Named so for its circular central plaza, it was a 12-sided market with six entrances and a central courtyard. It has several features characteristic of Edwardian architecture — the outer facade has colonnaded arches supported by columns while the interior has arched windows, balconies, spacious corridors and high ceilings.

In her book, Connaught Place and the Making of New Delhi, author Swapna Liddle notes: “The commercial spread reached beyond the main blocks of Connaught Place, into nearby areas too. Gole Market, constructed in the early 1920s by the government, was the first market to be built in New Delhi… On either hand, shops for produce such as poultry and fish, and a wide variety of grocers, were located in Gole Market rather than Connaught Place, presumably because it was not the sahibs and memsahibs themselves, but their domestic staff who shopped for these daily essentials. After all, one visitor remarked, Connaught Place was where elegant ladies shopped, wearing hats and gloves.”
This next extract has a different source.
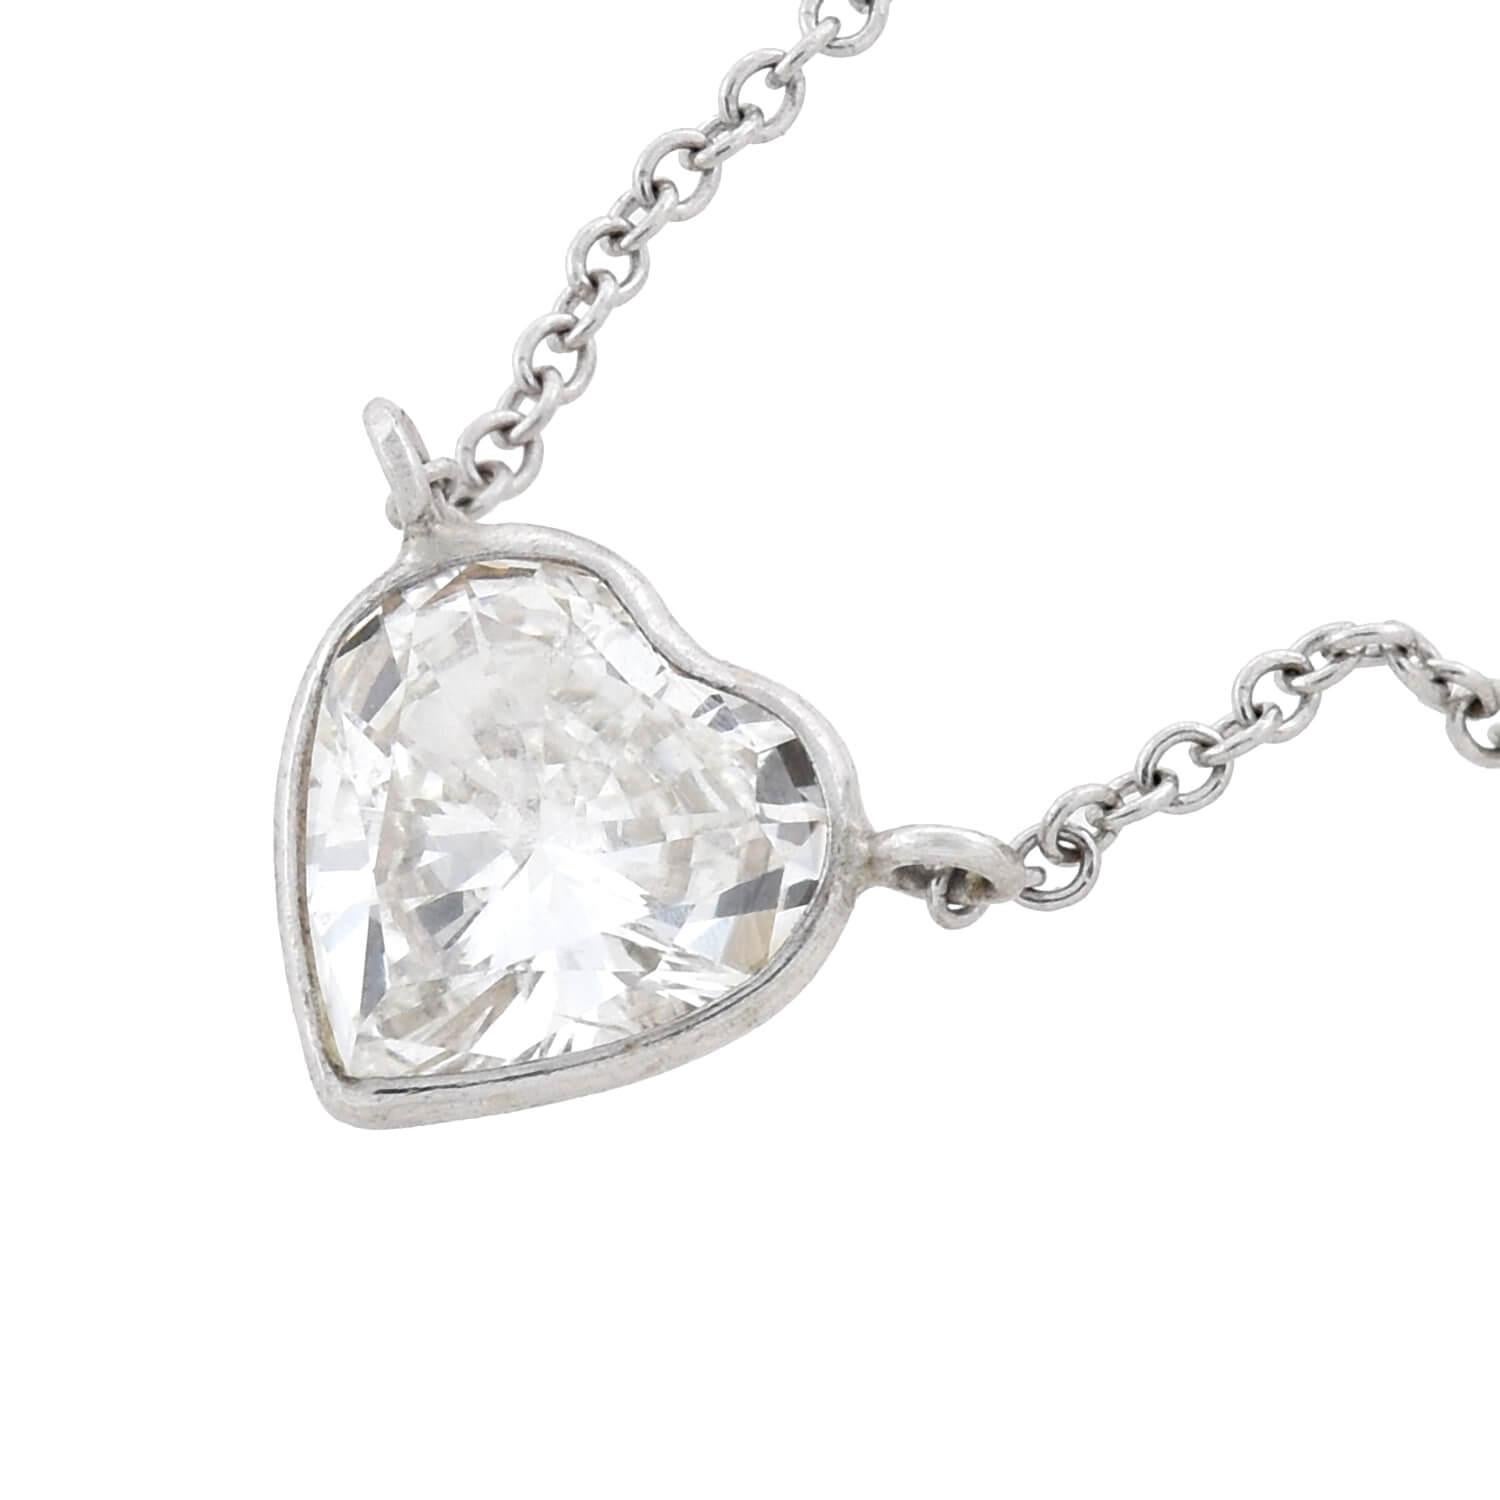 A beautiful and romantic Estate diamond necklace! Crafted in 14kt white gold, this lovely piece is comprised of a single heart-shaped diamond pendant that attaches to a delicate white gold chain. The heart-shaped diamond is bezel set and weighs

Liddle further wrote, “As staff came to reside in this area, the need for the necessities of daily life was also felt. At first temporary stalls came up, and hawkers were given permission to sell. By 1921, the hexagonal market, which soon came to be known as Round (Gole) Market, was built to provide a permanent commercial centre for the area.”

Author Sohail Hashmi told The Indian Express: “This entire area was built when the capital actually began to function from its new location, before that the capital used to be in the Old Secretariat. Gole Market was primarily an area where government clerks used to live, so small blocks of houses have been built in the entire area.”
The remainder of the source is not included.